EURCHF bulls briefly overcame the formidable 1.0970 zone, which is the 23.6% Fibonacci retracement level of the down leg from 1.1475 to 1.0810, although the bears seized back control and are currently challenging that level. In recent weeks, the pair has been in recovery-mode, reclaiming some of the losses it posted during a nineteen-week decline that commenced on April 23.
The unfolding short-term positive outlook also seems to be backed by the 21- and 42-day simple moving averages (SMAs), as the 42-day SMA has flattened, with the 21-day SMA nearing a completion of a bullish cross.
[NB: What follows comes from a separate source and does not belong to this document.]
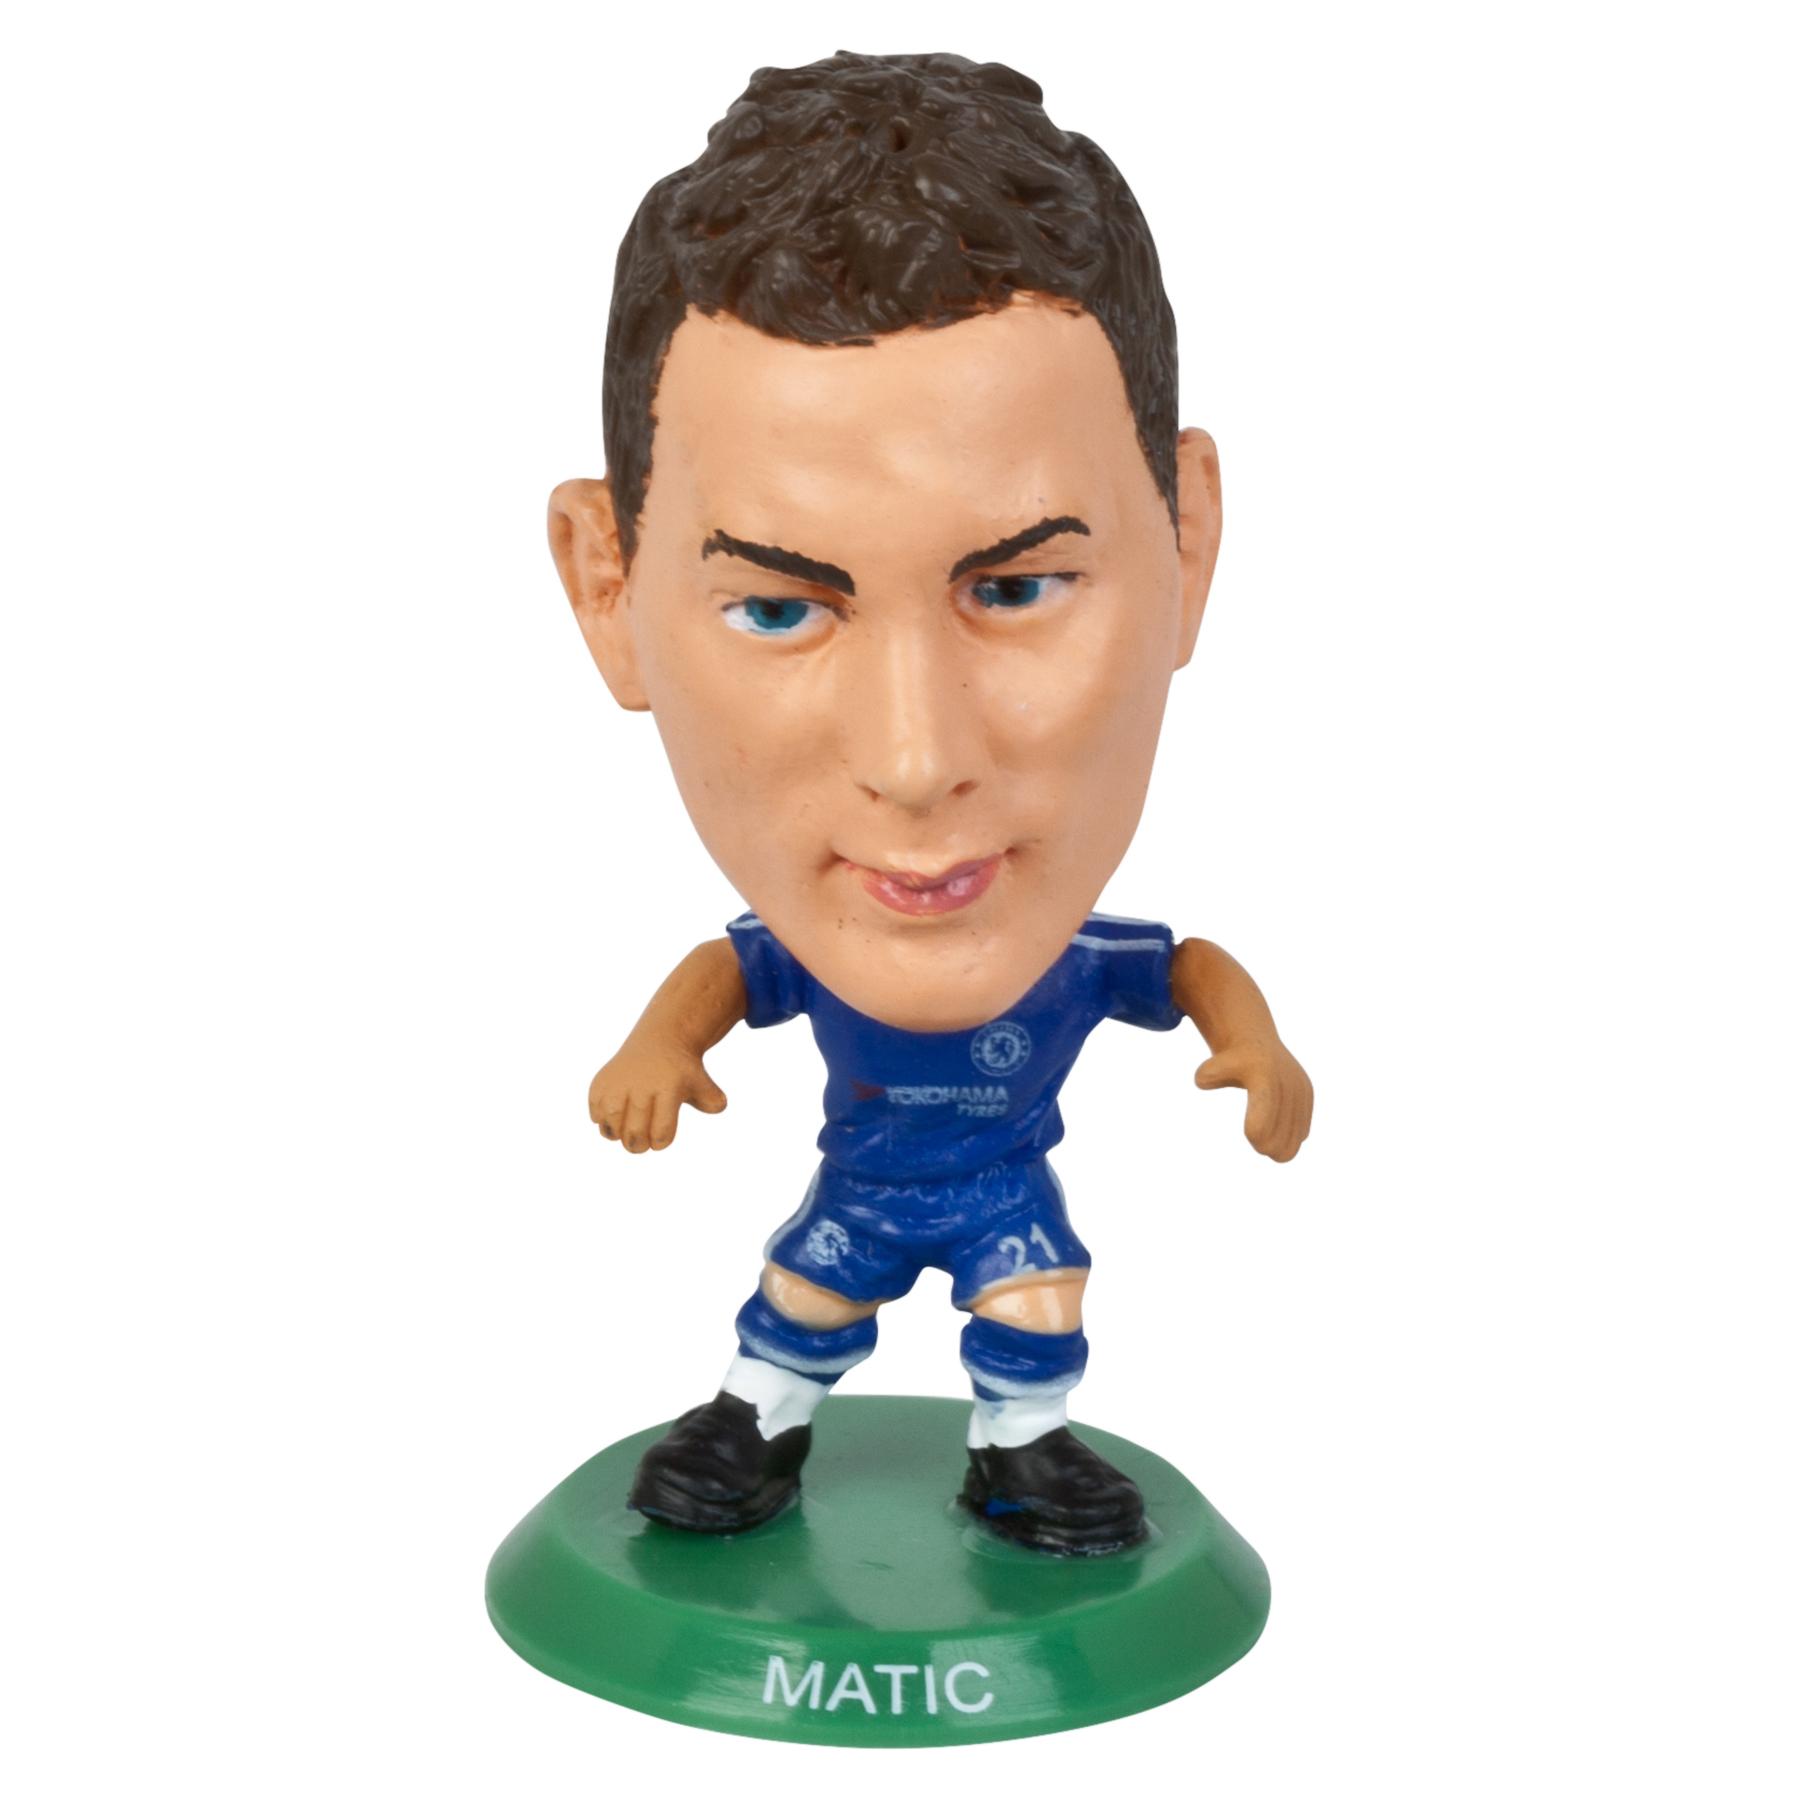 Chelsea Matic Home SoccerStarz

That said, short-term oscillators paint a mixed picture, as the RSI is pointing down while the MACD still suggests that upside momentum remains in play.
In a positive scenario, the price could rally further to the 38.2% Fibo of 1.1065, before the 100-day SMA at 1.1075. Climbing higher, the 50.0% Fibo of 1.1140 unfolds ahead of a nearby resistance at 1.1160. Logging more gains, the road would open towards the 200-day SMA around 1.1195.
If the bigger negative picture overwhelms and the bears push clearly below the 23.6% Fibo of 1.0970, the pair could encounter some interference around the more durable support region of 1.0910 – where the 21- and 42-day SMAs also lie. If the selling persists, the swing low of 1.0850 could apply pressure ahead of a revisit to the twenty-eight-month low of 1.0810 and before the focus shifts again to the gap of April 2017.
Overall, steering above 1.1065 could turn the short-term bias to bullish, while a shift back below 1.0810 would enhance the negative sentiment in the medium-term.